The Aeralis Advanced Jet Trainer is an advanced jet trainer aircraft designed by Aeralis in the United Kingdom. It is the initial variant of a family of modular aircraft which are reconfigurable to cover a variety of roles, including operational training, basic jet training, aerobatics/display and light combat. Aeralis plan to carry out a first flight of the advanced jet trainer variant in 2024.

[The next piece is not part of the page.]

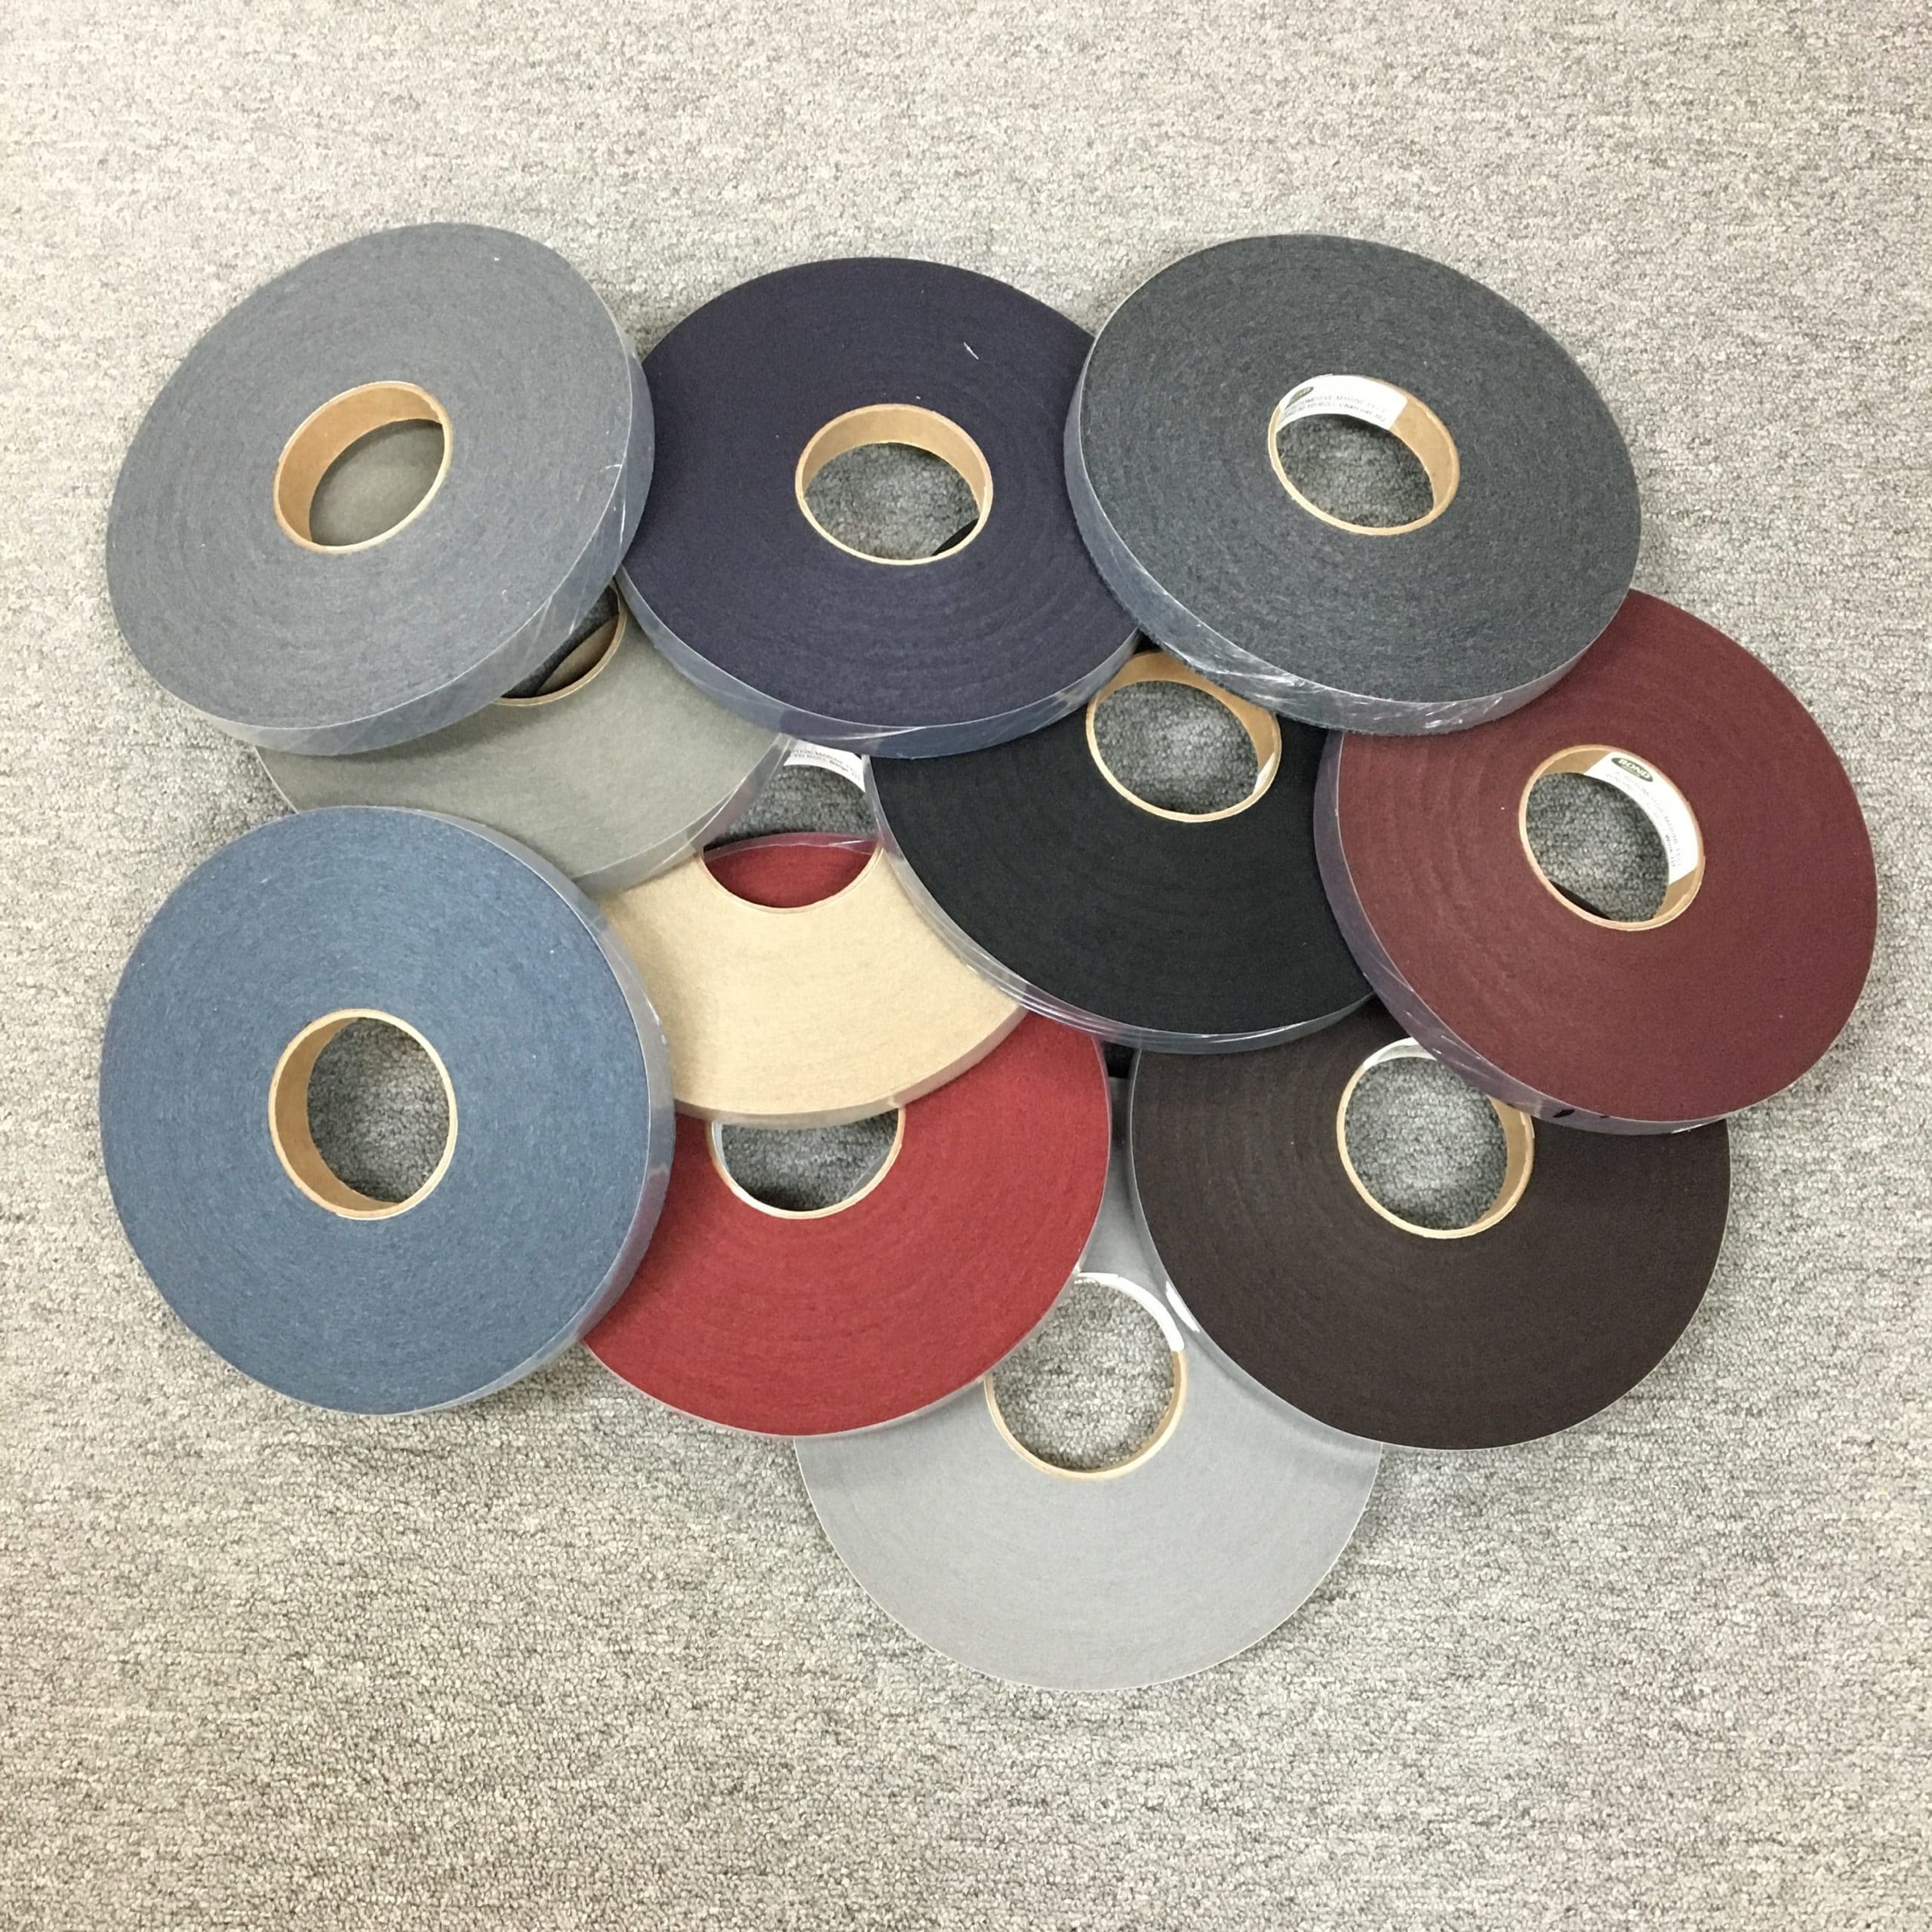 Automotive Marine Felt Polyester Binding Tape 50 yd roll- BLACK 503 - Bond  Products Inc

The Royal Air Force has contributed funding towards the aircraft's research and development via its Rapid Capabilities Office as a potential replacement for its aging BAE Systems Hawk aircraft.

Design and development
The Advanced Jet Trainer (AJT) is the initial variant of a family of light jet aircraft which share approximately 85% of their components, including avionics, digital systems and core fuselage. The rest of the aircraft, including engine pods, wings and tail, can be interchanged to meet different roles. According to Aeralis, this system of modularity and fleet rationalisation is intended to deliver lower costs and increased flexibility to its end-user. The roles deliverable by the Aeralis system include advanced jet trainer, basic jet trainer, operational trainer, aerobatics/display and light combat.

The project was first revealed to the public in 2015 under the name DART. In 2019, Aeralis partnered with engineering and design consultancy firm Atkins to work on two out of three planned variants of the aircraft: the advanced jet trainer and the basic jet trainer.

In February 2021, Aeralis was awarded a three year contract with the Royal Air Force's Rapid Capabilities Office to further develop the aircraft. This was followed by a Teaming Agreement with Thales UK in March 2021 to further develop training and simulation systems.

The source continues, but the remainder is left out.